# Derivation of Projection Matrix

The projection matrix transforms points from EC(Eye Coordinates) to Normalized Device Coordinates(NDC). However, since the perspective projection is not an affine transformation and has non-linearity, two steps are needed to derive the projection matrix: move the origin to infinity and then normalize coordinates. The meaning of the variables is shown in the picture above. Note that $n$ and $f$ are the near and far planes of the camera.

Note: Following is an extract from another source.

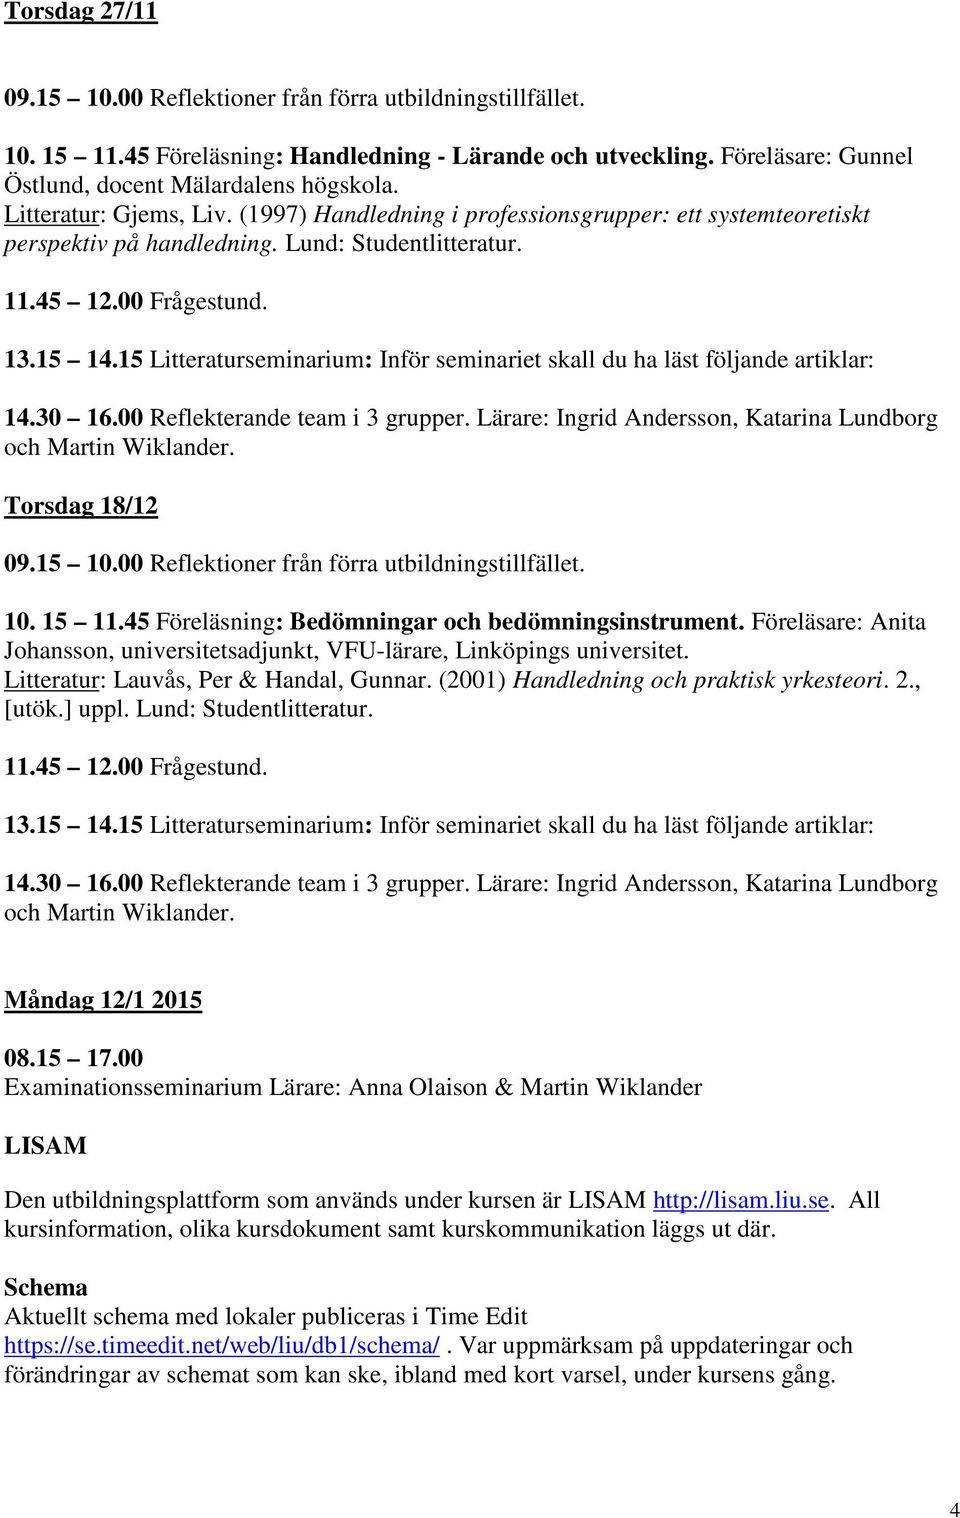 Föreläsare: Anita Johansson, universitetsadjunkt, VFU-lärare, Linköpings universitet. Litteratur: Lauvås, Per & Handal, Gunnar. (2001) Handledning och praktisk yrkesteori. 2., [utök.] uppl.

### 1. $x_{nd}$ and $y_{nd}$

First, observe the relationship between $x$-axis and $z$-axis. If moving the origin in EC to $(0 \; 0 \; 1 \; 0)^t$, which is the point at infinity, all the projected lines in EC are parallel to $z_*$ as above. Let $(y_*, -f)$ be the intersection between a projected line and $z = -f$ in EC. By similarity, $\begin{aligned} \frac{y_e}{z_e} = \frac{y_*}{-f} \implies y_* = -f \frac{y_e}{z_e} \end{aligned}$

Note that $z_e$ is a negative value and $-y'_* \leq y_* \leq y'_*$ because $y_*$ is inside the view volume. Considering that $y'_* = f \tan (\text{fovy} / 2)$ and $-1 \leq y_{nd} \leq 1$, $\begin{aligned} y_{nd} = \frac{y_*}{y'_*} = \cfrac{\cot \left( \frac{\text{fovy}}{2} \right) y_e}{-z_e} \end{aligned}$

Similarly, $x_{nd}$ can be also derived. Let $\text{asp}$ be the aspect ratio. Then, $\begin{aligned} \tan \left( \frac{\text{fovx}}{2} \right) = \cfrac{w}{2f}, \quad \tan \left( \frac{\text{fovy}}{2} \right) = \cfrac{h}{2f} \implies \text{asp} = \cfrac{w}{h} = \cfrac{\tan \left( \frac{\text{fovx}}{2} \right)}{\tan \left( \frac{\text{fovy}}{2} \right)} \end{aligned}$

Therefore, $\begin{aligned} x'_* = f \tan \left( \frac{\text{fovx}}{2} \right) = f \text{asp} \tan \left( \frac{\text{fovy}}{2} \right) \implies x_{nd} = \frac{x_*}{x'_*} = \cfrac{\cot \left( \frac{\text{fovy}}{2} \right) x_e}{-\text{asp} \; z_e} \end{aligned}$

### 2. $z_{nd}$

Looking at the previous results, $x_{nd}$ and $y_{nd}$ have $z_e$ in their denominators, which represents non-linearity. So, the derivation of $z_{nd}$ is not that simple. **Changing the viewpoint, this non-linearity in Euclidean space can be viewed as the linearity in projective space.** That is, the following form can be derived. $\begin{aligned} z_{nd} = \alpha + \frac{\beta}{z_e} \end{aligned}$

Now, considering that $[-n, -f]$ in EC is mapped to $[-1, 1]$ in NDC and *the direction of $z$-axis is going to be opposite*, $\begin{aligned} 1 = \alpha + \frac{\beta}{-f}, \quad -1 = \alpha + \frac{\beta}{-n} \implies \alpha = \frac{f + n}{f - n}, \quad \beta = \frac{2nf}{f - n} \end{aligned}$

Therefore, $\begin{aligned} z_{nd} = \frac{f + n}{f - n} + \frac{2nf}{(f - n)z_e} = \frac{-\frac{f + n}{f - n} z_e - \frac{2nf}{f - n}}{-z_e} \end{aligned}$

### 3. Projection Matrix

Observing that $x_{nd}$, $y_{nd}$, and $z_{nd}$ have $-z_e$ in their denomiators, the projection matrix $M$ can be derived as follows. $\begin{aligned} M \left(\begin{array}{c} x_e \\ y_e \\ z_e \\ 1 \end{array}\right) \equiv \left(\begin{array}{cccc} \frac{\cot \left( \frac{\text{fovy}}{2} \right)}{\text{asp}} & 0 & 0 & 0 \\ 0 & \cot \left( \frac{\text{fovy}}{2} \right) & 0 & 0 \\ 0 & 0 & -\frac{f+n}{f-n} & -\frac{2nf}{f-n} \\ 0 & 0 & -1 & 0 \end{array}\right) \left(\begin{array}{c} x_e \\ y_e \\ z_e \\ 1 \end{array}\right) \end{aligned}$